[FFmpeg-devel] Ideas to replace the options system

Nicolas George george at nsup.org
Fri Dec 4 15:33:39 CET 2015


This is a rather long explanation on ideas I have to replace the options
system with something better. I will not work on it before I have made
significant progress on de-recursiving lavfi, but I can still think of it
and mature its design while walking in the street or waiting for the subway.

And of course, if someone else wants to start working on something similar,
so much the better.

TL;DR: I have put small summaries marked by this tag at the end of most long

Why do we need a new options system?

  Most importantly: escaping hell

    What is escaping hell?

      Read this as "escaping" the noun, not the verb: the task of adding a
      backslash in front of every special character in a string. It becomes
      escaping hell when you have to add backslashes in front of the
      backslashes that protect the backslashes that protect the special
      characters. See this bit in the documentation:

      -vf "drawtext=text=this is a \\\\\\'string\\\\\\'\\\\: may contain one\\, or more\\, special characters"

      And it does not even use the % expansion in drawtext. Using single
      quotes can help a little, but it works only once.

    Why do we have escaping hell?

      Because we are using strings all over the place. This is somewhat of a
      paradox since multimedia processing rarely uses strings at all. There
      are reasons to use strings, and they drove the current options system.
      A lot of our user-interface is based on strings. There is a bad reason
      for that and a good one.

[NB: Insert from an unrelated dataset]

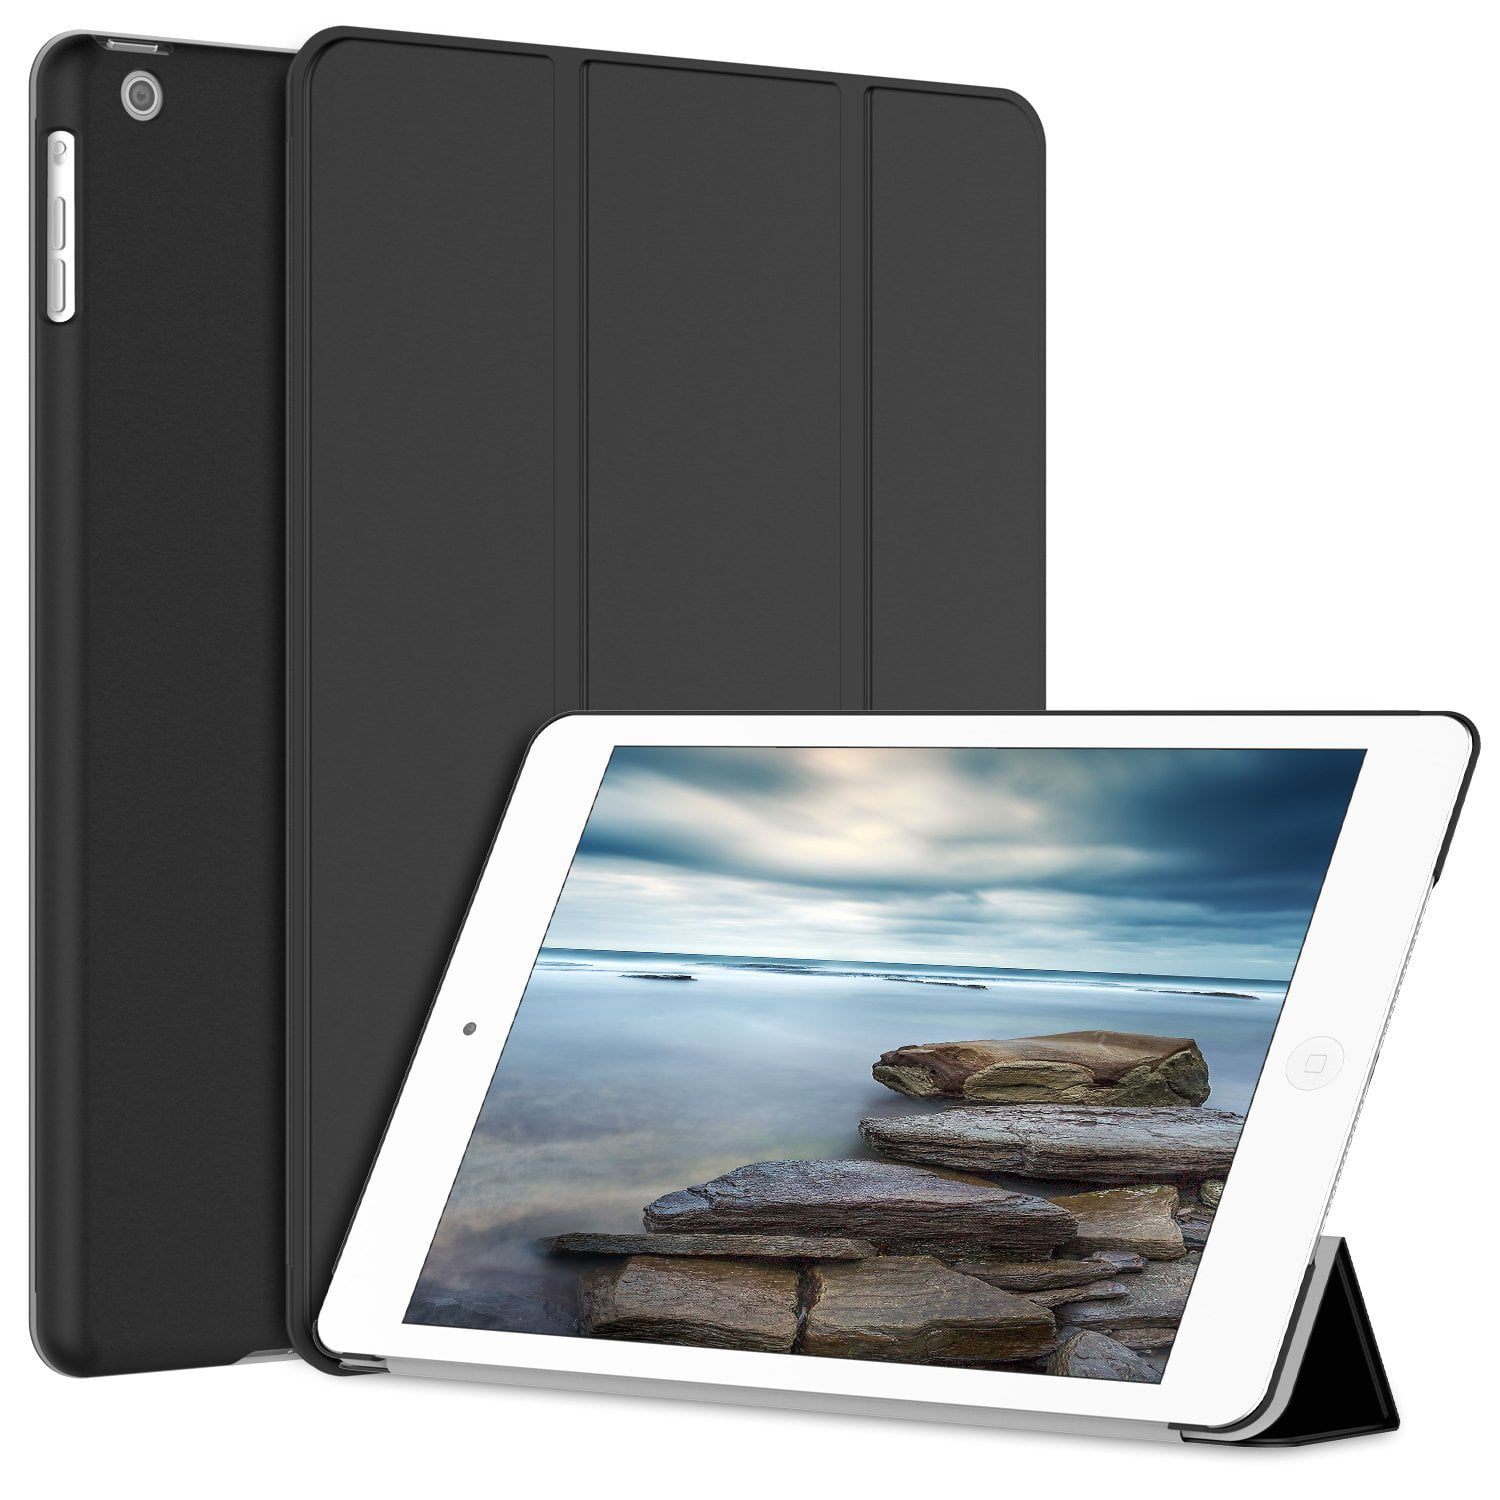 Apple iPad 5th Gen MP2J2LL/A 9.7 inch (WiFi Only) Tablet - 128GB 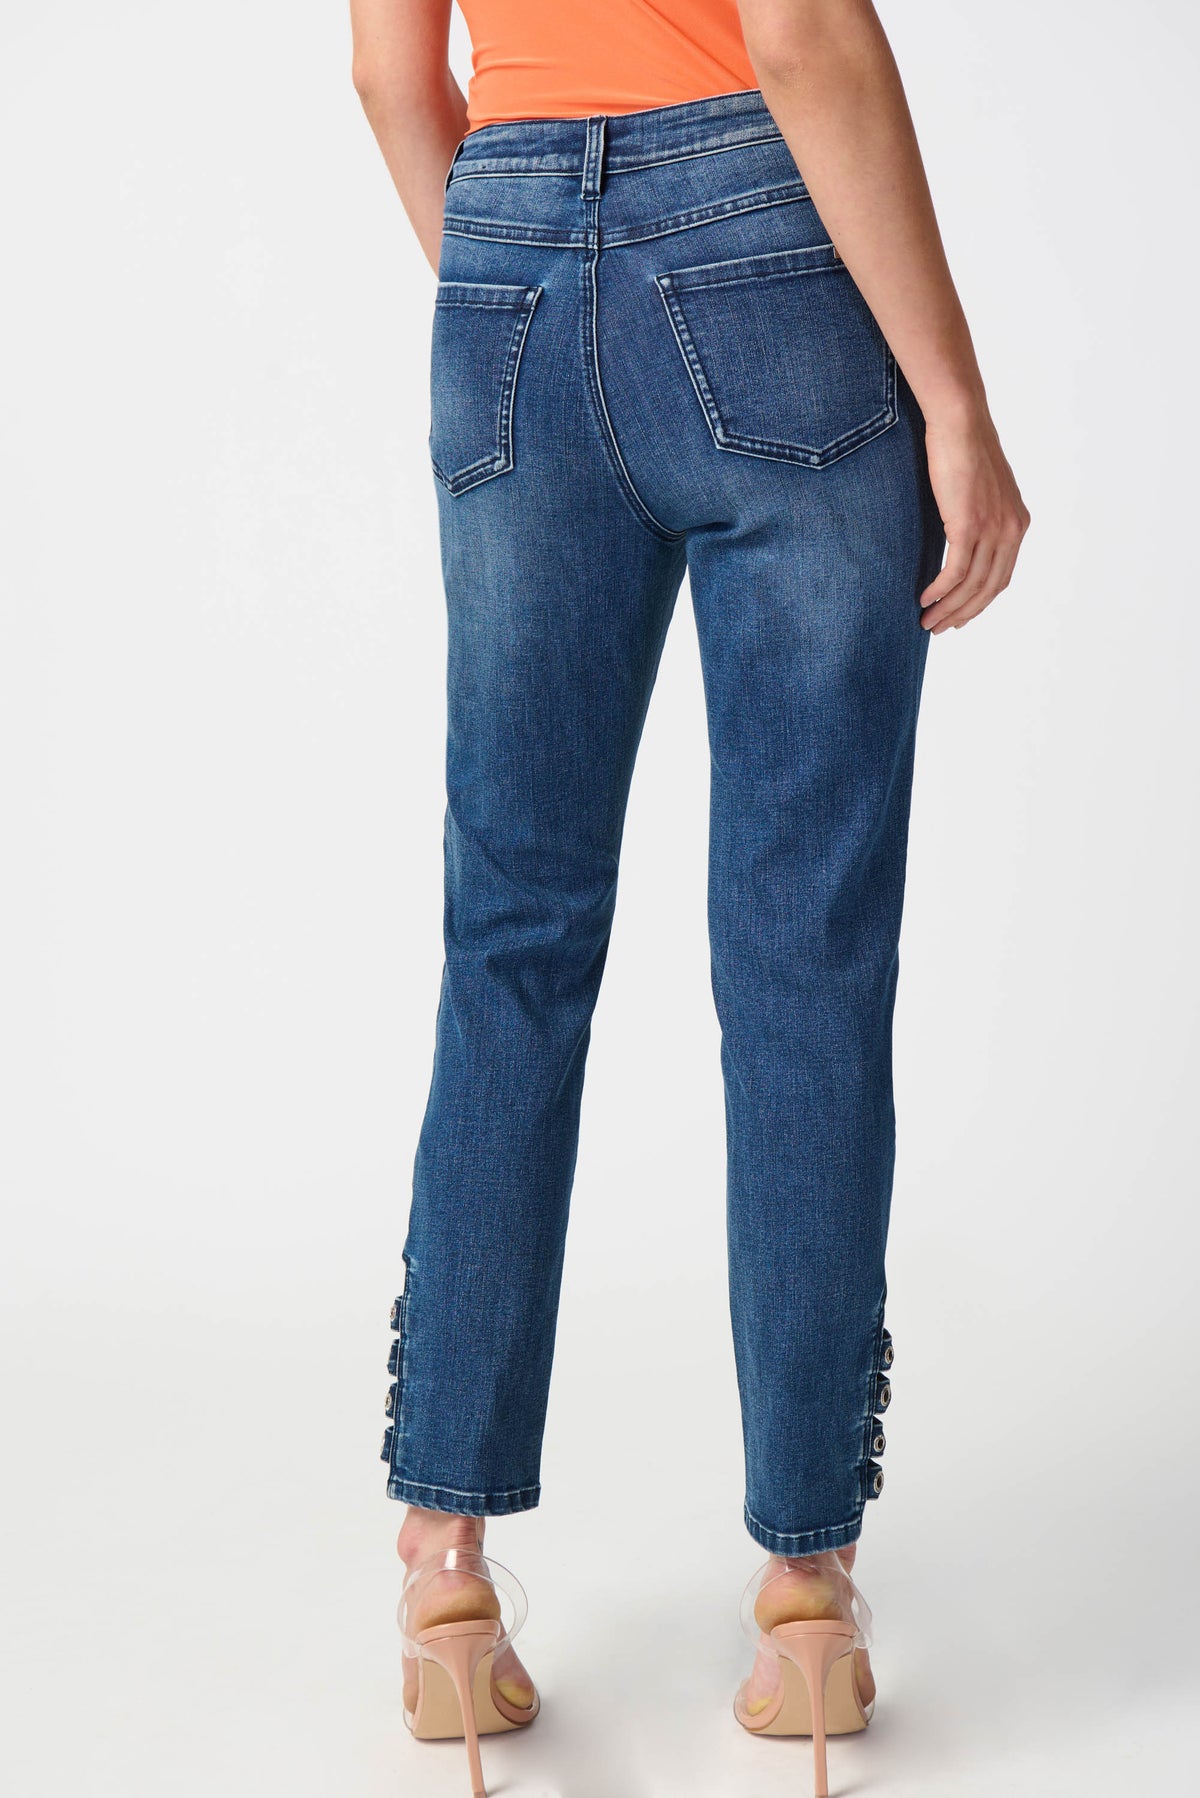 Joseph Ribkoff Slim Jeans

But the real problem is that it does not stop

      Strings for the user interface

        The bad reason we use strings everywhere for the user interface is
        that most of the user interface is thought with the command-line
        tool ffmpeg in mind rather than high-level applications using the
        API. I am not very fond of microsoft's products, but I think that if
        ffmpeg had been designed for powershell in mind from the start, the
        user interface would use much less strings (there would be a whole
        lot of other problems, though).

        The good reason is that strings are good. Reading and writing is an
        universal skill amongst users that need options. So whenever there
        is no specific way of showing or entering a value, a string will do:
        the users can read it and understand it and write it.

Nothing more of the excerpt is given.